In his life dad did the following:
He was an accomplished scuba diver, and was on the dive team that searched for bodies with the Quincy PD in the quarries (this was a lovely fact he shared with my middle school friends!). He trained others in dive safety and dove off the coast often.
He was a sailor – he often owned a boat, and worked on it in our yard in the winters, and sailed it out of Scituate Harbor in the summer. For a few years he owned the KANNBE – a tuna fishing charter boat, with a crew, that he sent out on fishing day trips with paying customers.
He repaired radios – often ones others would not touch. We were especially glad when he repaired those boat radios of a lobsterman friend, who would pay dad in bags of fresh caught lobsters.
He was a classical music expert. While dad never played an instrument himself, he was an avid listener of classical radio. He even did a college radio show in his early years with Robert J Lurtzimer (of Boston Classical Music radio fame). He had specific musicians he really liked, and orchestral versions of pieces, and would always recommend to me certain composers and recordings. Dad was also a huge collector of music – we would take trips to Tower records in Boston for recordings of my classical pieces for college. Dad was especially fond of Sousa marches, and had a whole collection of different versions. He loved it when my performances ended with a good Sousa march!
He was a devotee of Chinese traditional medicine. As someone who had multiple health issues, Dad had an acupuncturist he met with regularly, as well as a herbalist in Boston. For someone so rooted in Western ways of communication, he had a strong belief in the powers of Eastern medicine. It was a gift to me when he helped me find my own acupuncturist who helped with my health issues. Dad was thrilled when I minored in Mandarin Chinese in college – he was always asking me to read the labels on his medicine bottles (I couldn’t – too complicated!)

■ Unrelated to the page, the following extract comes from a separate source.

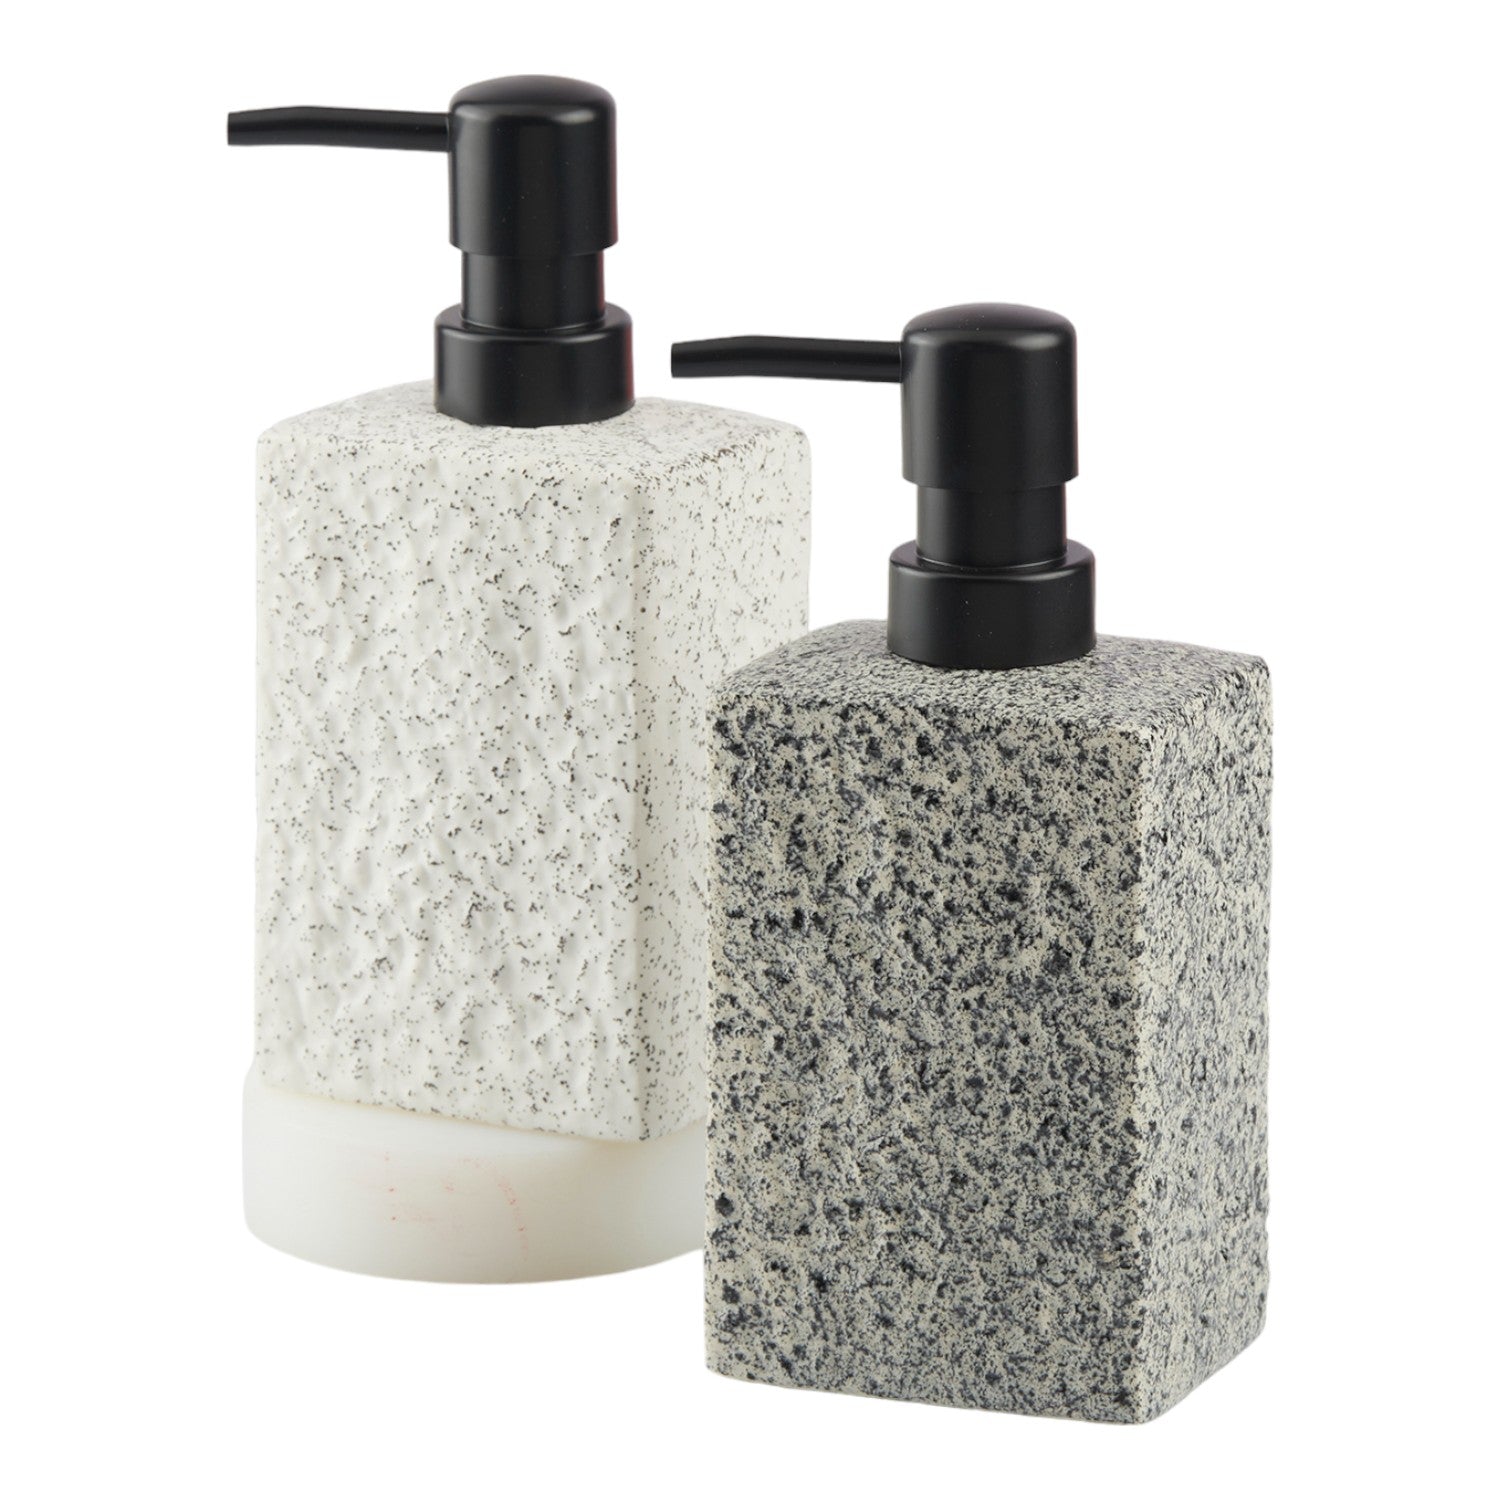 Ceramic Soap Dispenser liquid handwash pump for Bathroom, Set of 1, White (10621)

Dad loved trying new foods. He was raised on my grandmother’s homemade pasta and meatballs, but would meet me at college and we would go to a chinese restaurant where he would try all the “weirdest” things on the menu. He appreciated the stories and culture around the food.
He flew planes. Dad was a lisenced private pilot – and a proud member of the Experimental Aircraft Association (EAA). He was a member of the local fly club at the Cranland airport, and volunteered to train kids in flying. He built a plane with friends. The plane started in pieces in our garage, hidden from my mom. Dad helped found a “fly in breakfast” at the airport, where folks would fly in from all over for pancakes and conversation.
Dad traveled. As a traveling sales rep in New England, he went all over. Every place had a story. He would eagerly connect with all these folks every year when he visited. He knew the best diner in every town,and quirky places to stop and learn about new things special in the area.
I share those specific stories and traits, because of how much they remind me now of how I see the world. Dad never knew me as a Quaker – but he knew me as an eager student with many interests, a hard worker with many jobs and roles, and a person who loved to learn about other cultures and people and their lives. The fact that I do this now, when I visit Quaker meetings, is no surprise to me.
That curiosity dad carried is what takes the lead when I travel among Friends. Every meeting has a story, a way in which Friends are being faithful, and being in community, and holding struggles of life tenderly and with concern. As my dad would share stories of the people he met, I share those stories myself as I travel. I have a clear feeling that dad wold be proud of his daughter, a “traveling minister” among Friends. He had his peculiar people, I now have found mine.